How many people in the middle/upper classes are self employed and engaging in various forms of tax evasion? Why aren't we scrutinising their bank accounts (yet)? People in certain jobs are far more likely to evade tax than others. Most of us know one person or can name one big company who is doing that.
In fact, if we follow the doctrine of "the innocent have nothing to hide" we should just publish everyone's bank accounts every month in a public domain website. Doreen doing the Avon alongside her office job, who hasn't told HMRC about the extra income, needs to go to jail because she's cheating the taxpayer out of a couple of hundred quid a year! Dave the driving instructor is taking direct bank payments and only declaring what he gets through BSM. Keith the builder declared he was under the tax threshold to HMRC but really he earned (gasp) £20k and didn't tell them. Checking everyone's accounts would wipe out all of this.
That is where this leads. By letting society's most vulnerable be subjected to inhuman treatment we are opening the possibility of doing it to everyone.
In fact, why stop there? We could get the police to routinely search people's houses and electronics, inventory them on a database, and an AI algorithm could check each item against bank statements to ensure all those music downloads were paid for and that if there's Amazon Prime on your TV you're using your own username and password and paying them, not sharing aunty Ella's login details. If the police call it a CD player on the inventory spreadsheet and your bank statement entry says you bought a HiFi, the computer will flag up the discrepancy and you will be hauled in for possession of stolen goods.

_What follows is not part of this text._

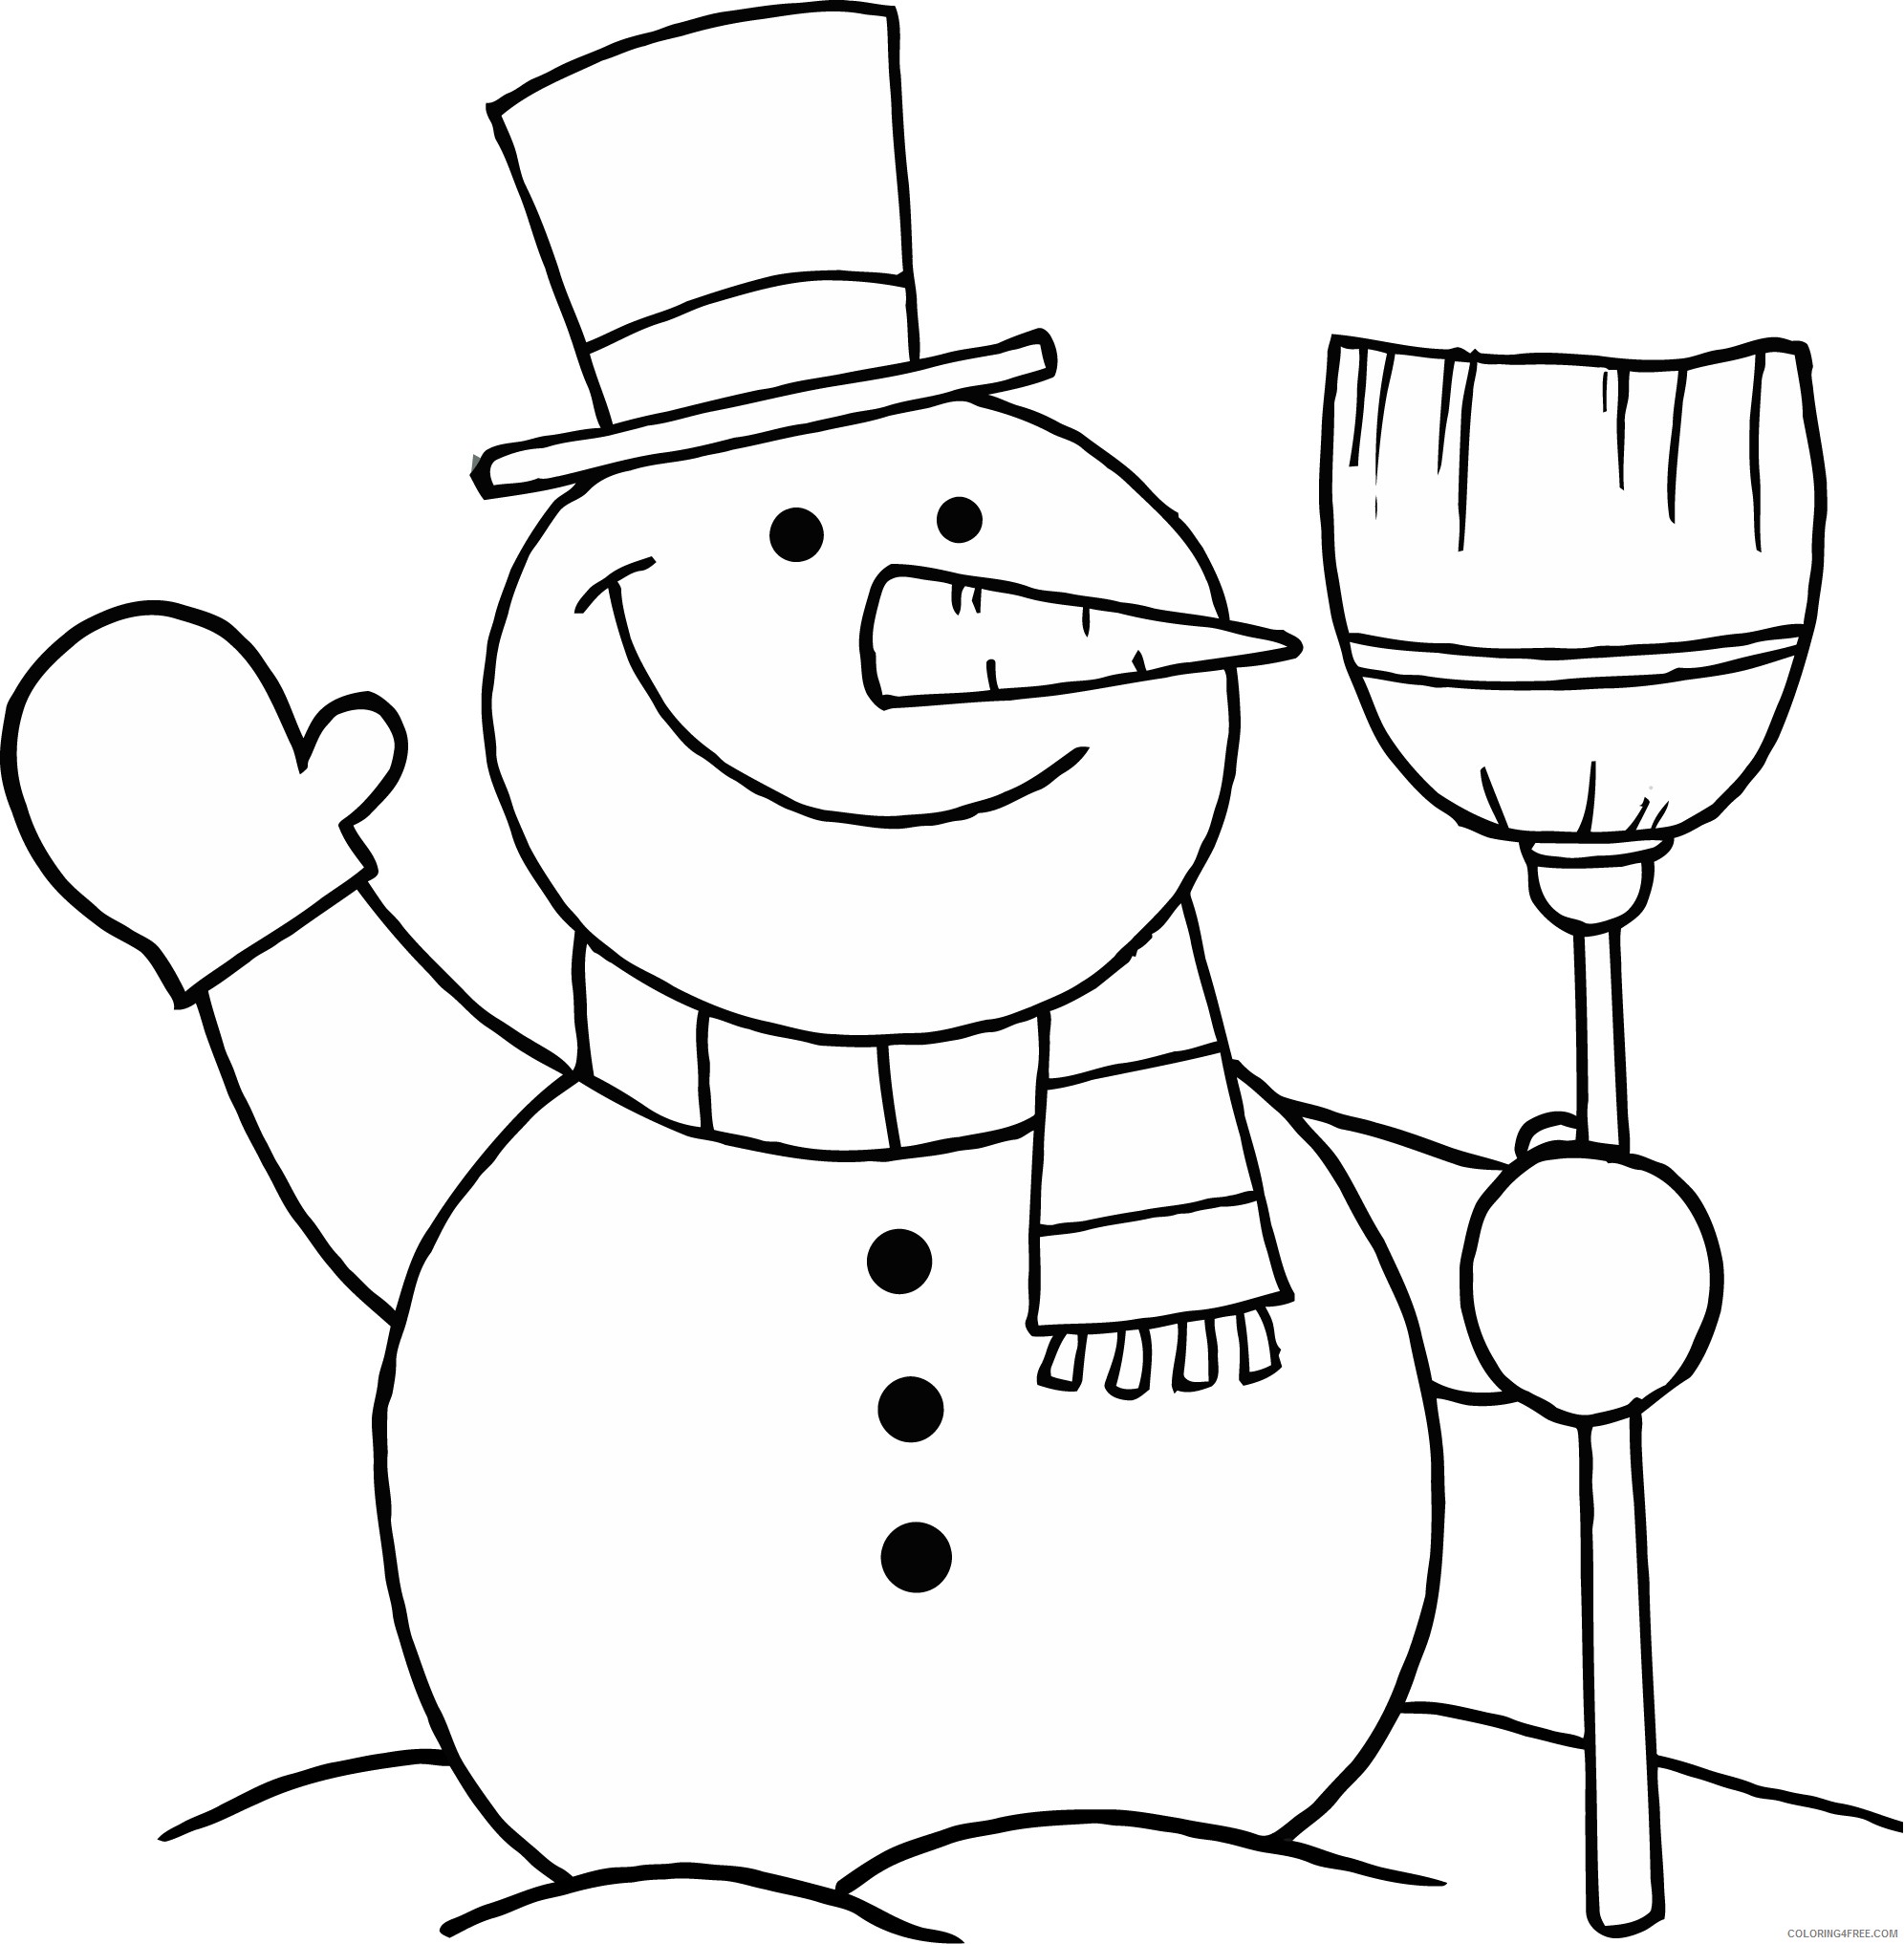 snowman coloring pages with broom Coloring4free

We could check how much time you spent listening to that audiobook on Audible before you returned it for your money back and cheated the author out of payment for their work.
We could fit a black box and dashcam and a facecam to every car and know exactly how fast you were going at all times, and fine you for going 1mph over the speed limit at any time, for any reason, and use eye tracking software to see if you really saw that person that you claim pulled out in front of you.
To prevent rape, we could all wear sound-activated cameras at all times that are triggered by certain words and phrases to start recording, so during intercourse we know if it was consensual or not. People will be obliged to say "I consent to intercourse" at the beginning and then the device will have to record throughout the event to ensure consent is not withdrawn at any point, so it can be played in court for a jury and random onlookers to watch and listen to you having sex and decide whether it was consensual or not. It can also identify if someone is really having an affair or not, using voice recognition software.
The innocent have nothing to hide after all.
We currently have the technology to do any or all of those things and with the upcoming AI, we will soon be able to process the vast amounts of data generated by such intrusive monitoring.
Bad idea? Why? Oh because it's abominable to do so and no one should be subjected to this.
Exactly.
The only thing stopping any of that from happening is our fundamental human right to a private life.
But what is even more disturbing is some people are so petty they would welcome every single thing I just listed.